Decent RB's in full fat are hard to find these days. You just need to keep an eye out for one. Or you could try looking for a Trophy?

Are you on Cliosport?


----------



## Junior Bear (Sep 2, 2008)

Was gonna say £4k is trophy territory


Do it!


----------



## DJ X-Ray (Sep 2, 2012)

Kerr said:


> I never realised S3s were so cheap these days.
> 
> http://www.autotrader.co.uk/classified/advert/201241488212580
> 
> ...


Not with me behind the wheel.lol.yeah they can be high maintenance but i was quite lucky with mine.had it 4.5 years only thing went was shocks,fuses and the maf,which is minor imo.I must admit i did used to like the old shape original williams clio,that was a tool.


----------



## Alex_225 (Feb 7, 2008)

Stephenmoore30 said:


> What I was thinking off was a 172 cup.


Don't go for the Cup version mate, go for the 'full fat' model.

Handling for road driving is so similar that it doesn't make the Cup differences essential.

But in the normal 172 you get leather, Xenons, climate control, ABS And stability control which are all lacking in the Cup. The Cup is more focussed for just driving but the poverty spec interior is a let down in my opinion.

In terms of using a 172 day to day, expect 32-34mpg (40+ on a motorway run), servicing is every 12k and insurance group 16 in 'old money', the Cup is group 17.


----------



## Kiashuma (May 4, 2011)

100hp Panda?

Like the look of them, only driven a wee 1.1 Panda but think it would be great, always fancied one myself.


----------



## Stephenmoore30 (Dec 23, 2011)

XxHarDinGxX said:


> I'd personally recommend a Clio 182.
> 
> This is mine..
> 
> ...


Just paid a deposit on another 182 in this colour too. Just have to get her home from Wales now!!!!!


----------



## pooma (Apr 12, 2008)

Congrats on the purchase, I wouldn't of looked far past the 182 for something to hoon back and forward to work in, would maybe contemplate a Cooper S but the 182 is a good pick:thumb:


----------



## Junior Bear (Sep 2, 2008)

Good lad!


----------



## VW STEVE. (Mar 18, 2012)

howie parks said:


> sell it to me. i will give you one hundred thousand Ugandan Dollars via Western Union


..........:lol: :devil: love you'r style.


----------



## warren1 (Oct 11, 2012)

bidderman1969 said:


> :thumb:
> 
> where my money would go


couldnt agree more!!!! awesome cars,4k will get you a decent vr6,maybe even the storm model? had 4 of these and much more fun than most others


----------



## Stephenmoore30 (Dec 23, 2011)

pooma said:


> Congrats on the purchase, I wouldn't of looked far past the 182 for something to hoon back and forward to work in, would maybe contemplate a Cooper S but the 182 is a good pick:thumb:


Yea mate I only commute about 10-15 miles aday to work and always loved my cup.
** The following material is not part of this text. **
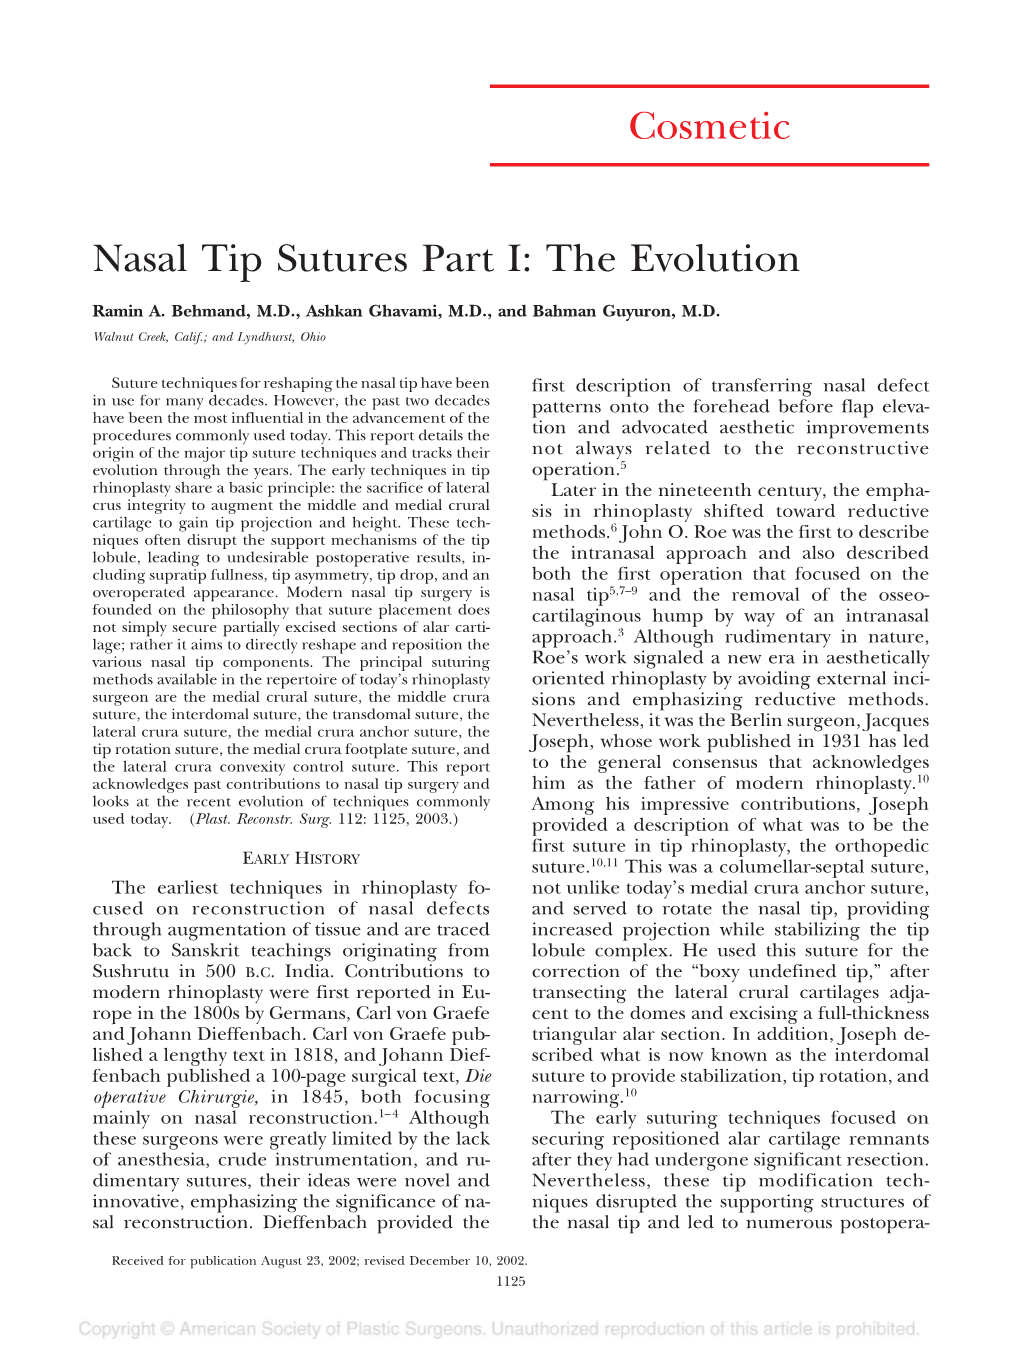 Cosmetic Nasal Tip Sutures Part I: the Evolution

But the FF should be as much fun with a few more toys...

Road trip to Wales now or arrange transport ..?

Cheers guys for all your input

Steve


----------



## bigmc (Mar 22, 2010)

warren1 said:


> couldnt agree more!!!! awesome cars,4k will get you a decent vr6,maybe even the storm model? had 4 of these and much more fun than most others


Again, they're not hot, not even warm tbh and they're old now.


----------



## Junior Bear (Sep 2, 2008)

Lolsssss


----------



## pooma (Apr 12, 2008)

Stephenmoore30 said:


> Yea mate I only commute about 10-15 miles aday to work and always loved my cup. But the FF should be as much fun with a few more toys...
> 
> Road trip to Wales now or arrange transport ..?
> 
> ...


Road trip, the drive home will give you a chance to stretch it's legs and all being well will be a hoot.

I did a 240 mile train trip and drove back in my current car, 600ti and it was one of the best motorway journeys I've ever done


----------



## Rayner (Aug 16, 2012)

Not sure on price but my fav small car is a abarth 500.
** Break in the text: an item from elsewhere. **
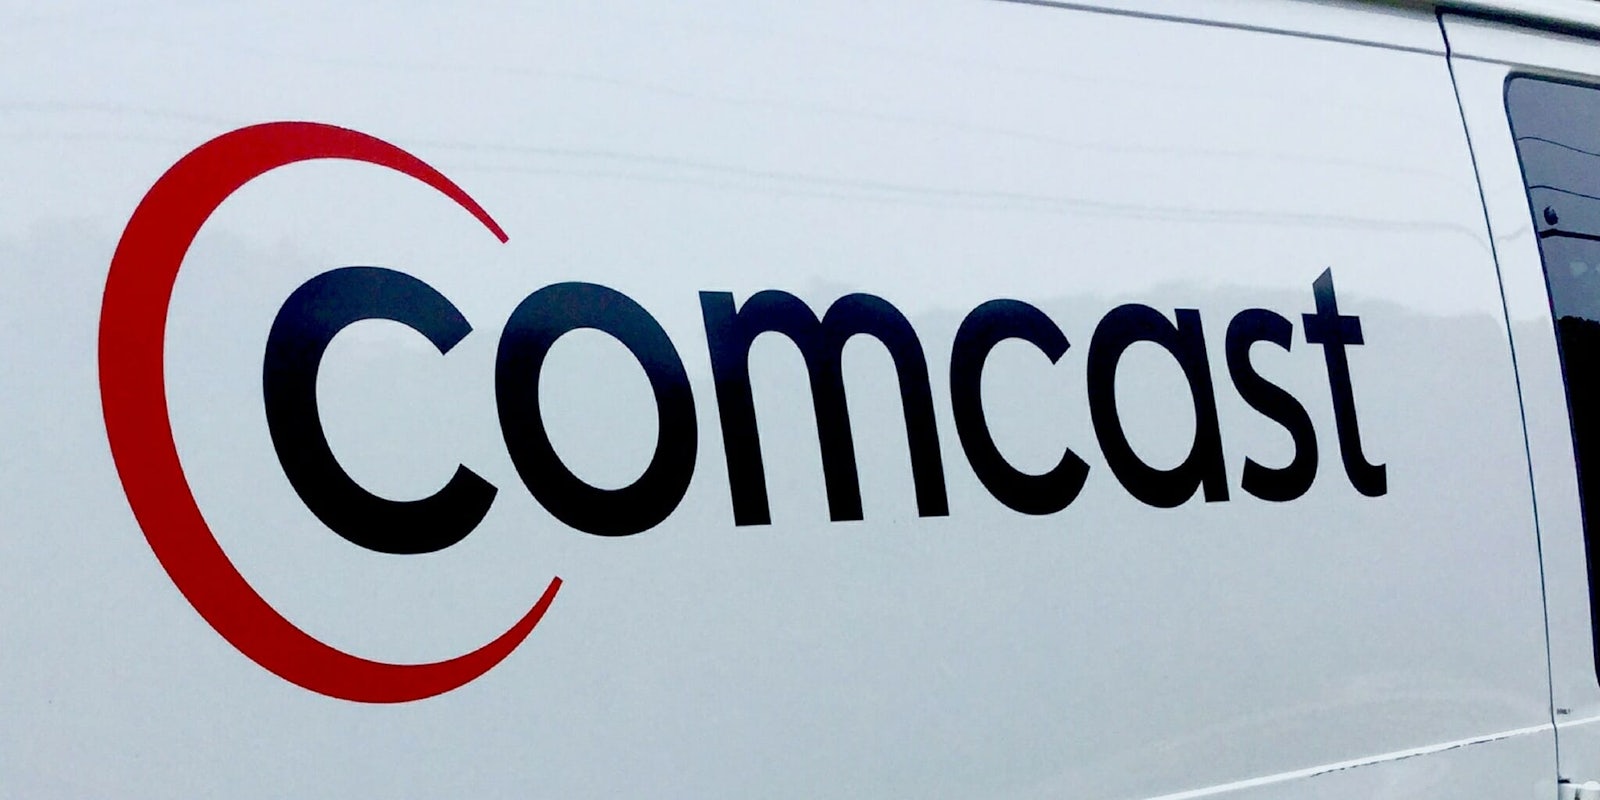 The Comcast logo on the side of a white van.

No Idea what they drive like but I want one for some reason.

Sent from my GT-I9100P using Xparent Green Tapatalk 2


----------



## gatecrasher3 (Jul 21, 2006)

I would take an EP3 Civic Type R over any flavour of Clio within your budget. Much more car for the cash with better build quality and reliability. Also despite earlier comments regarding the Clio's performance against the EP3 that hasn't been my experience.

Either way they both have their merits but thats my two pence worth!


----------



## voon (Apr 28, 2010)

A white BMW M135i xdrive is what I'm getting in December. Not the most beautiful car on the planet, but I like its technical side and options.

EDIT: Ugh, just realized there was a budget line in your post, sorry


----------



## dekerf1996 (Sep 9, 2008)

Mk2 golf with a 1.8t lump would get my vote, most conversions come with 200-230 bhp and easily tuneable to 280 which should be enough to run about in. 

Strong engines capable of over 500 bhp when you get bored!!!


----------



## Stephenmoore30 (Dec 23, 2011)

Suggestions still welcome guys but I've a deposit down on the clio and think it will be a cracking wee motor, yes everyone does have there opinions about which motor is best and which out performs what. Have to say tho on the civic type r vrs clio 182 I have owned both an 05 clio cup and an 04 ep3 and all day long I would take the clio, yes ok the Honda may be well made and yes it's engine takes a lot of trashing but the little clio just feels better (and faster) and puts a smile on your face when you drive it ...!

As I said only my opinion and everyone's welcome to there own

Thanks guys and I will keep you updated when I get her home

Steve


----------